[[ Data provided, beginning ]]

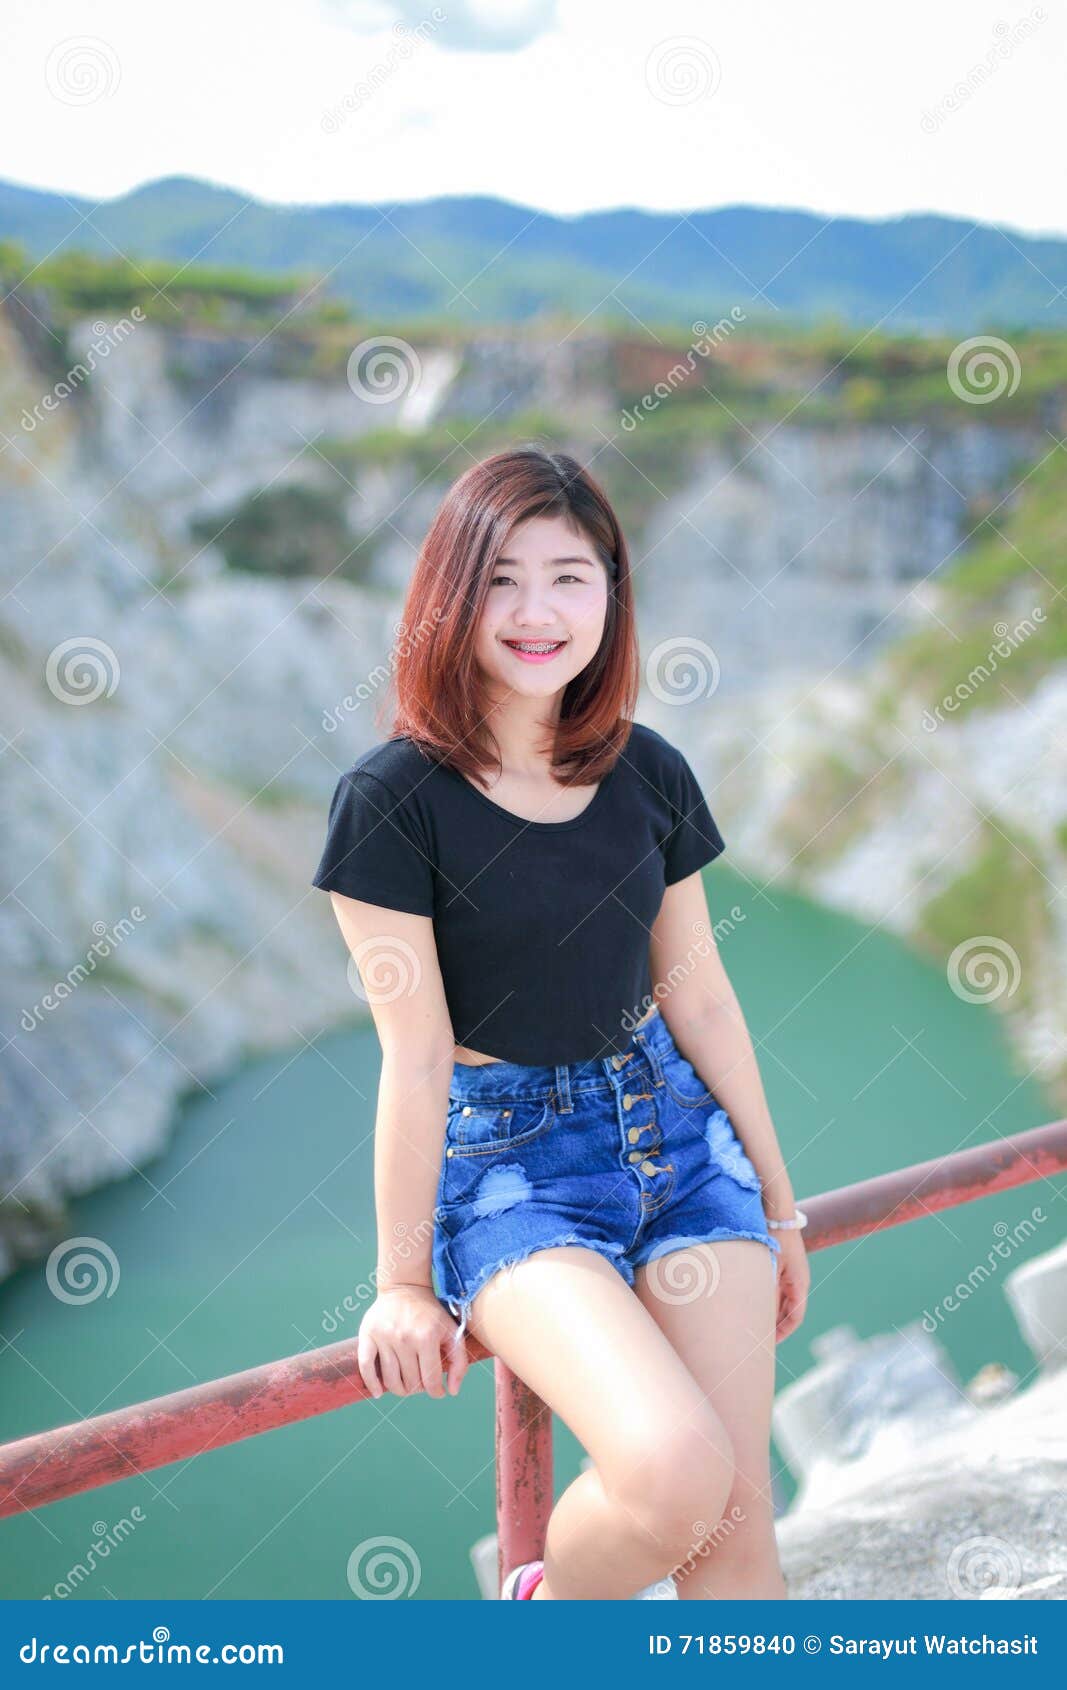 april yabut recommends Thai Girl Photos
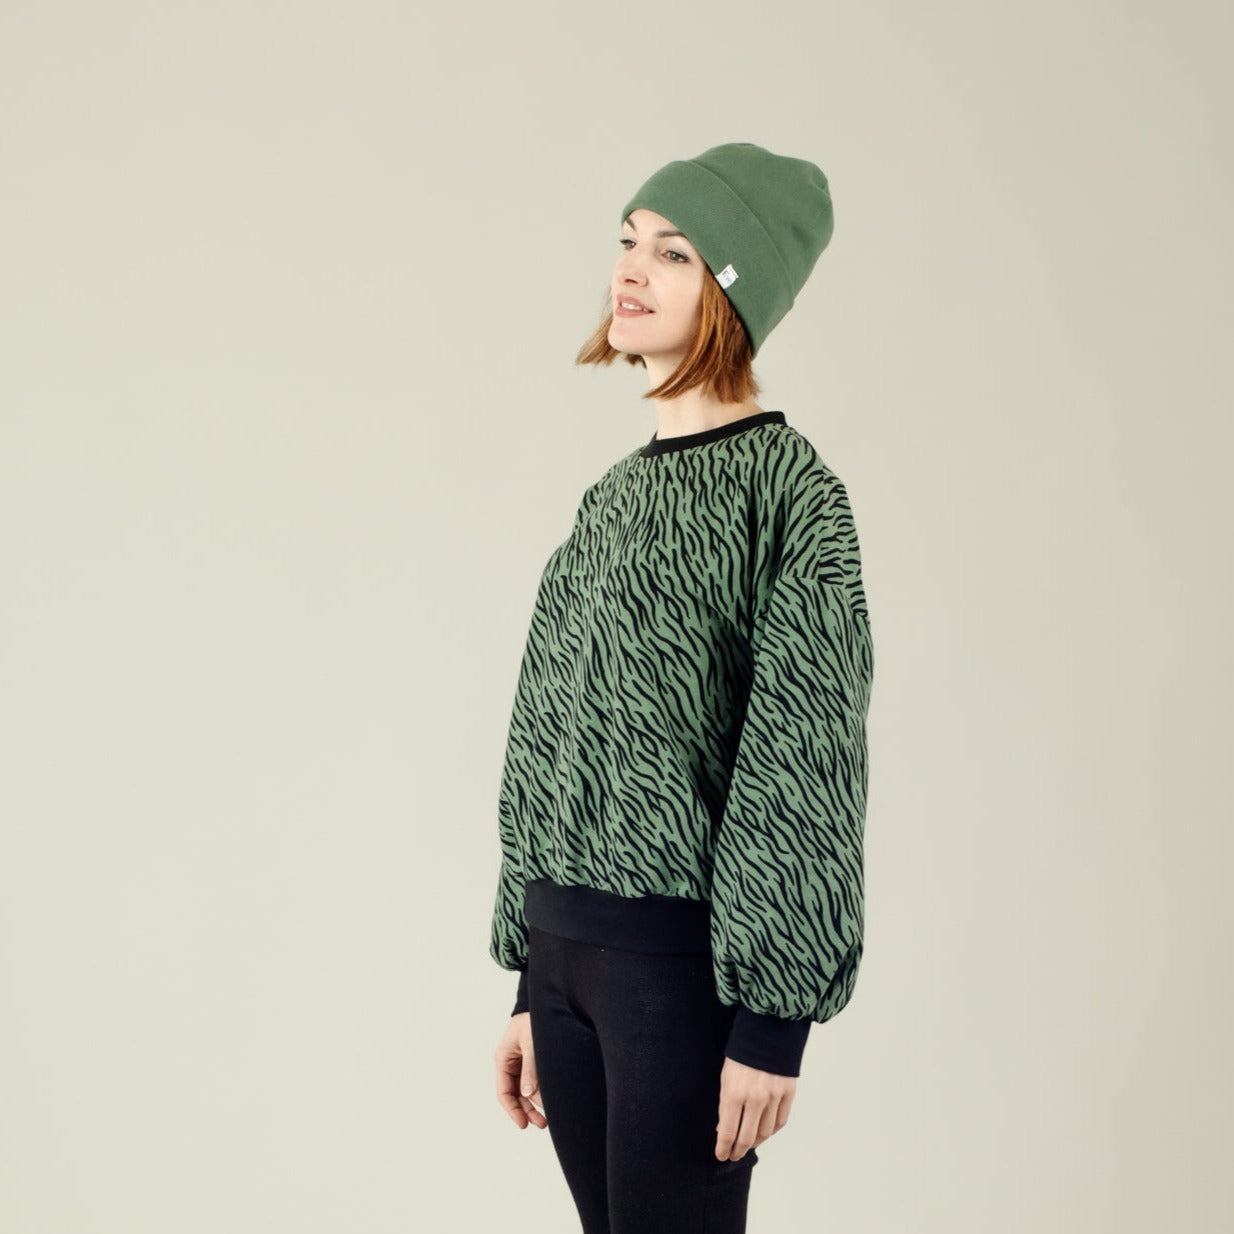 Damen Sweater Bio Baumwolle Grün mit Zebramuster; Urheber: Mini & Eve
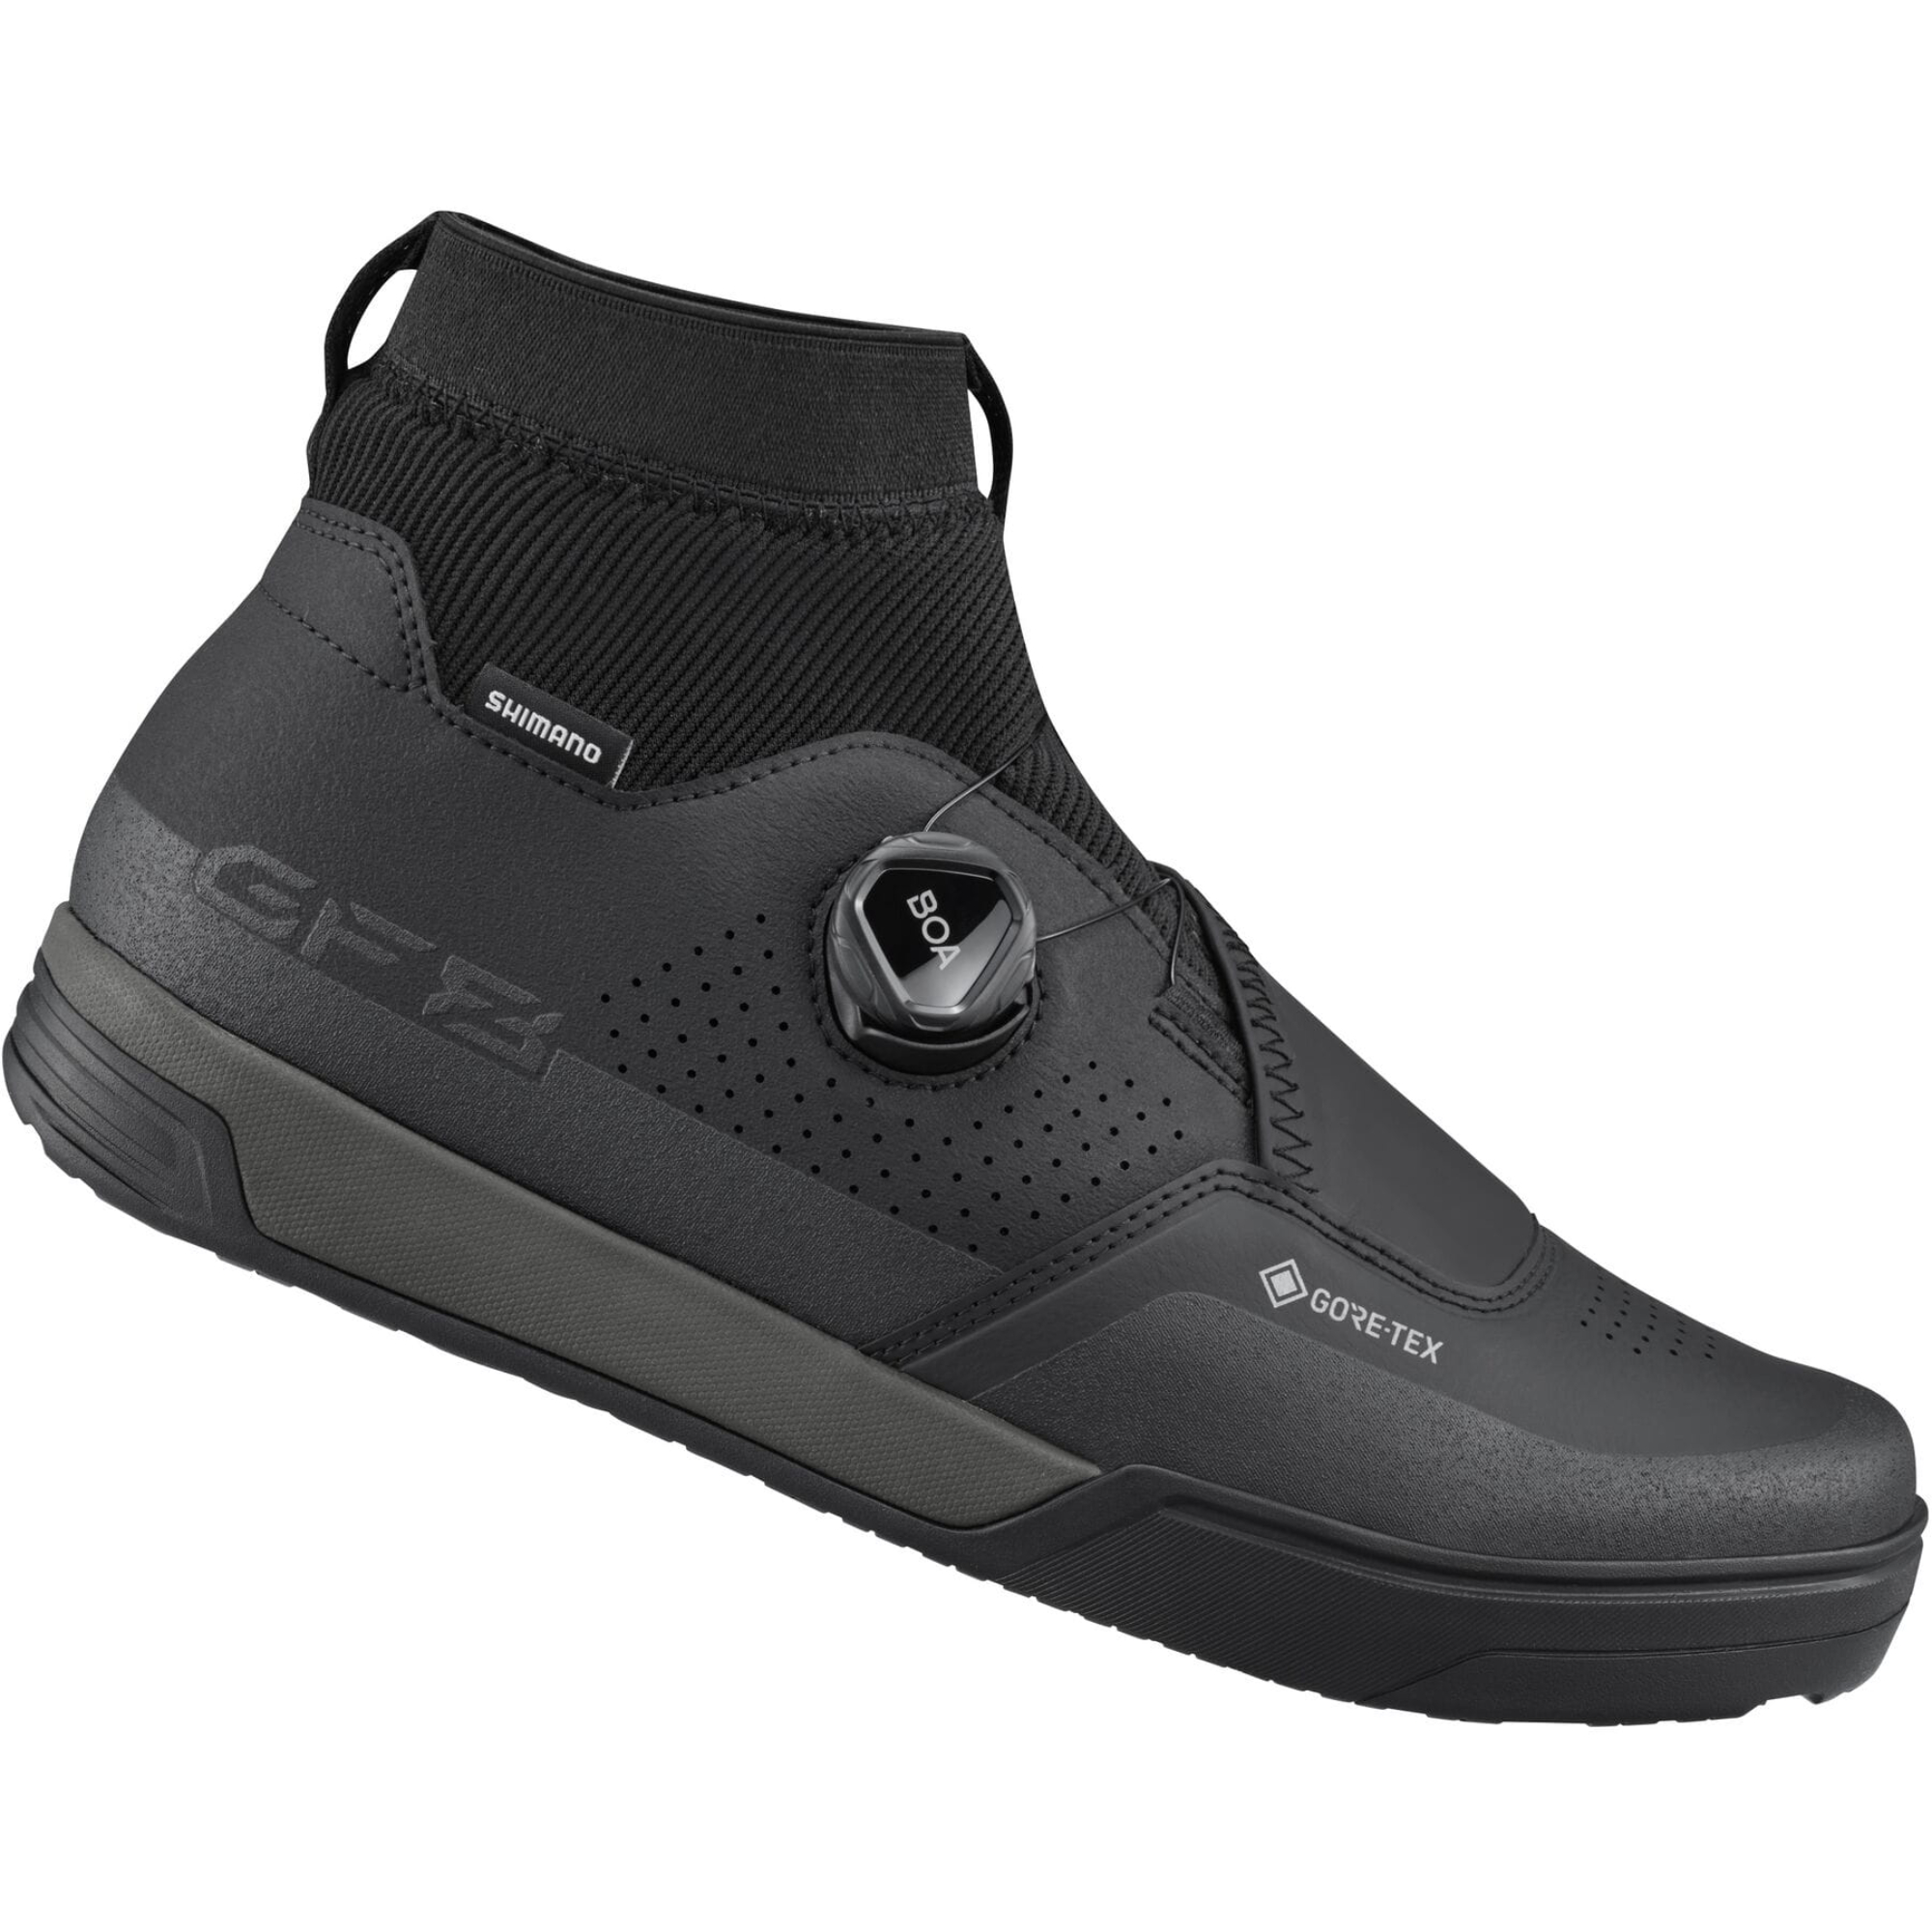 Shimano GF8 (GF800) Gore-Tex MTB Shoes - Waterproof / BOA Fit 
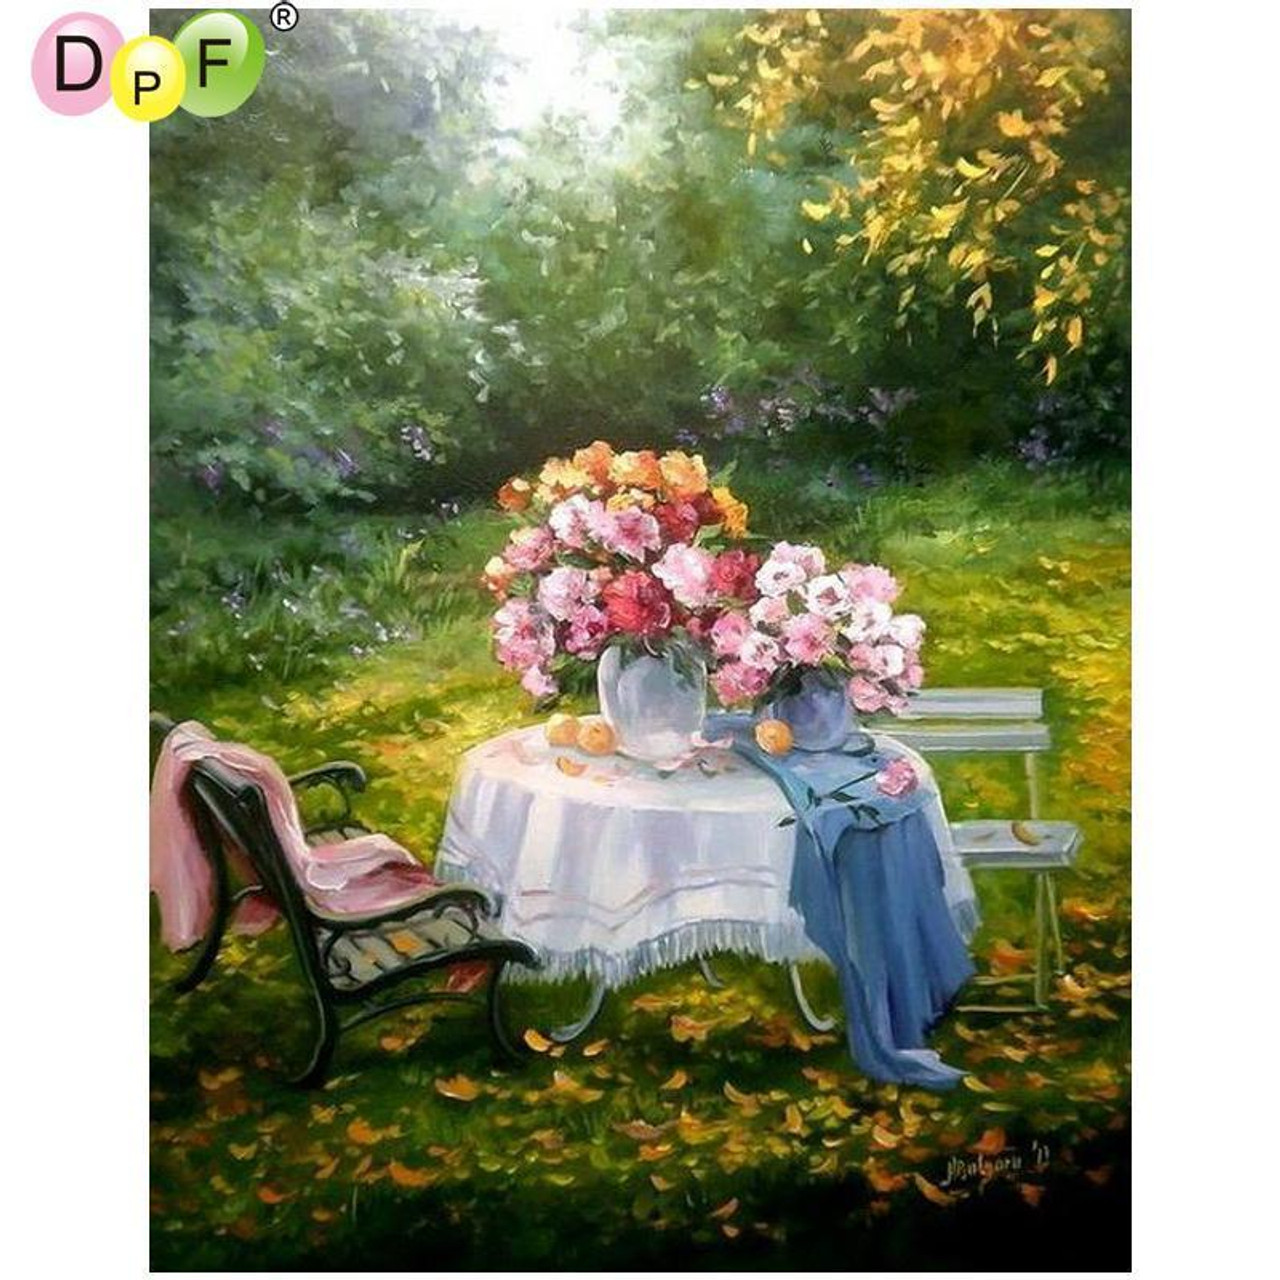 5D Diamond Painting Table Flower Centerpiece Kit

[[ Data provided, end ]]

Retype the data above in full, exactly as it stands, and skip any image.

 april yabut recommends Thai Girl Photos
 Damen Sweater Bio Baumwolle Grün mit Zebramuster; Urheber: Mini & Eve
 Shimano GF8 (GF800) Gore-Tex MTB Shoes - Waterproof / BOA Fit 
 5D Diamond Painting Table Flower Centerpiece Kit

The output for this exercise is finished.